Gas prices rebound as demand increases
Gas prices rebounded slightly on Thursday amid unseasonably high demand and unplanned UK maintenance.
After three consecutive days of downward momentum all curve contracts posted small gains when compared to their previous close, with prices at the front-end lifting circa 0.06p/kWh day-on-day.
A tighter supply and demand dynamic was likely the primary driver throughout the session. Data from National Gas shows demand totaled 395.1mcm across the gas-day, well above the seasonal norm of 297.7mcm, with strong heating-related demand and high gas-fired power generation squeezing supplies.

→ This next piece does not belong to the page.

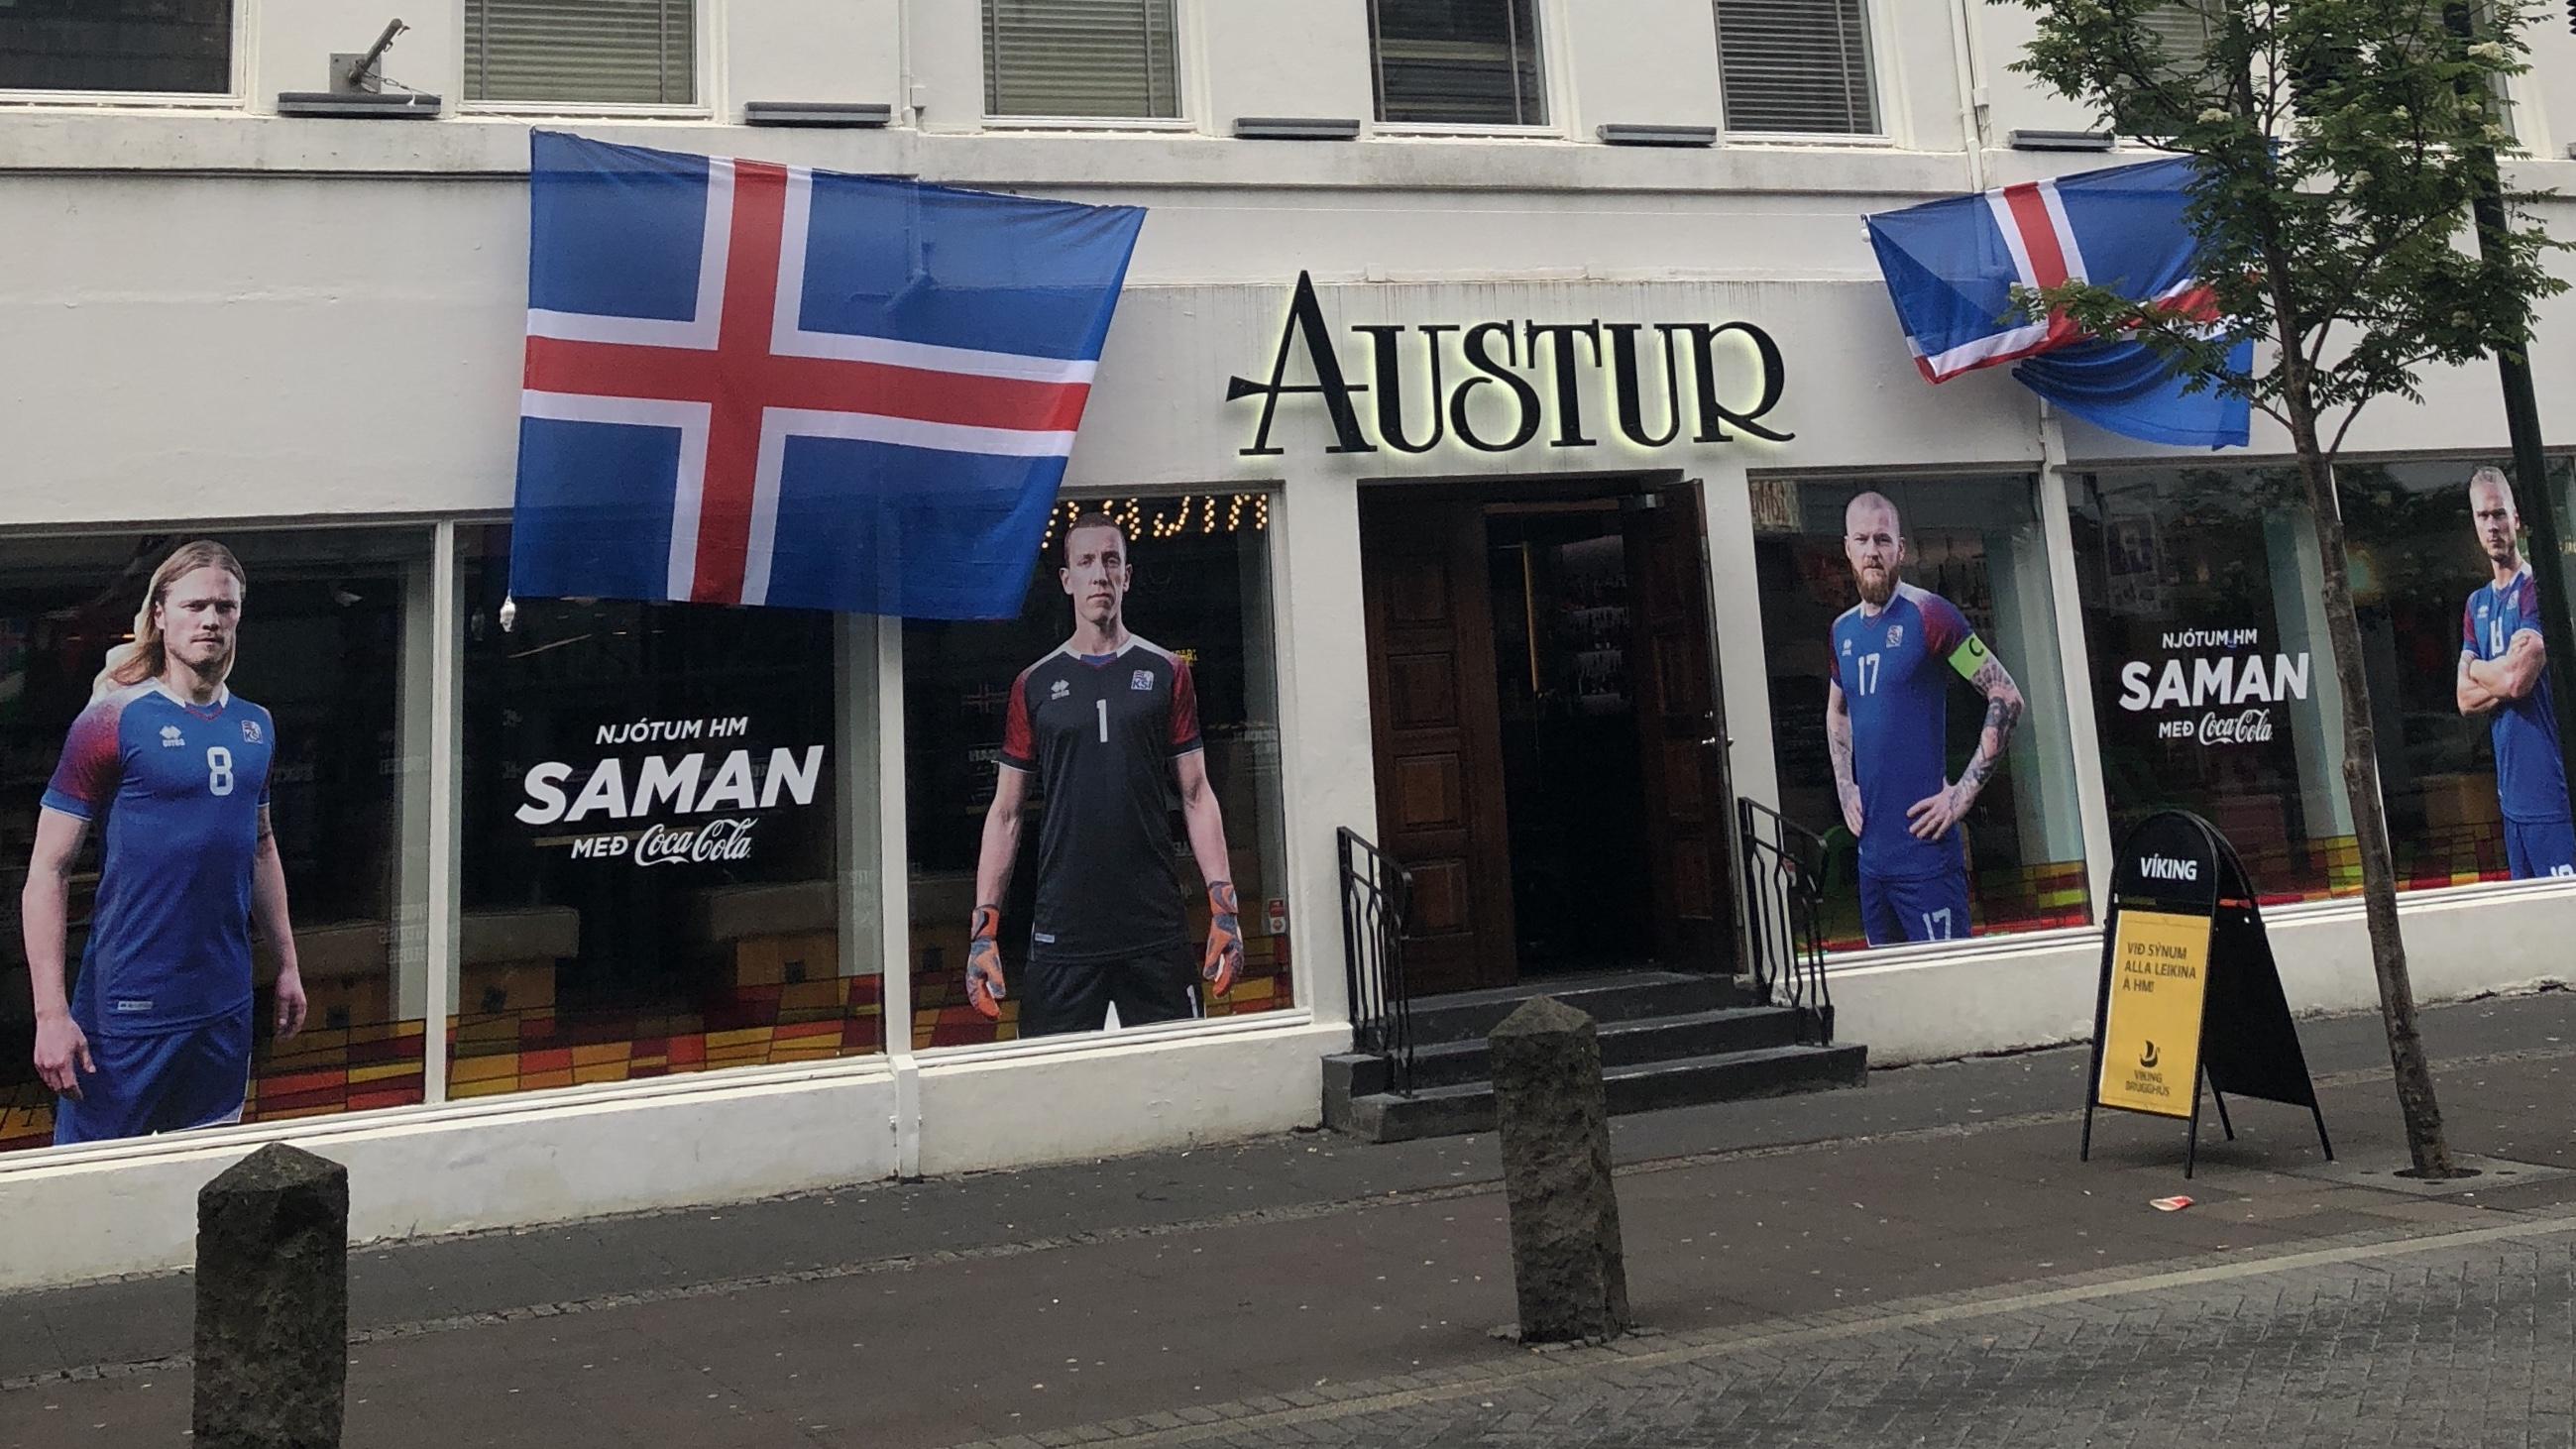 Islanda 2018 - giocatori nazionale foto strade Reykjavik

Further pressure came from capacity restrictions at the UK’s Elgin Franklin and Perenco Bacton facilities totalling 10.8mcm, although both unplanned outages are expected to be resolved by this evening.
In other news, a severe cold weather event affecting the Southern United States region has prompted operators at the Freeport and Cameron LNG terminals (among others) to delay and/or cancel some cargoes, which could limit US LNG exports to Europe in the short-term.
Key contracts continue to edge higher this morning, with both the front-month and front-season contracts currently being offered circa 0.03p/kWh above their previous settlement, at time of writing.
If we check the latest half hourly period at the time of writing (08:30 – 09:00), electricity demand is currently 45.61 GW’s in the UK.
Wind generation is currently contributing just over 32% of the UK’s total electricity demand.
Specifically, 32.43% (14.93 GW’s) of the UK’s total electricity is being generated from wind turbines currently with gas contributing 22.68 GW’s (49.25%).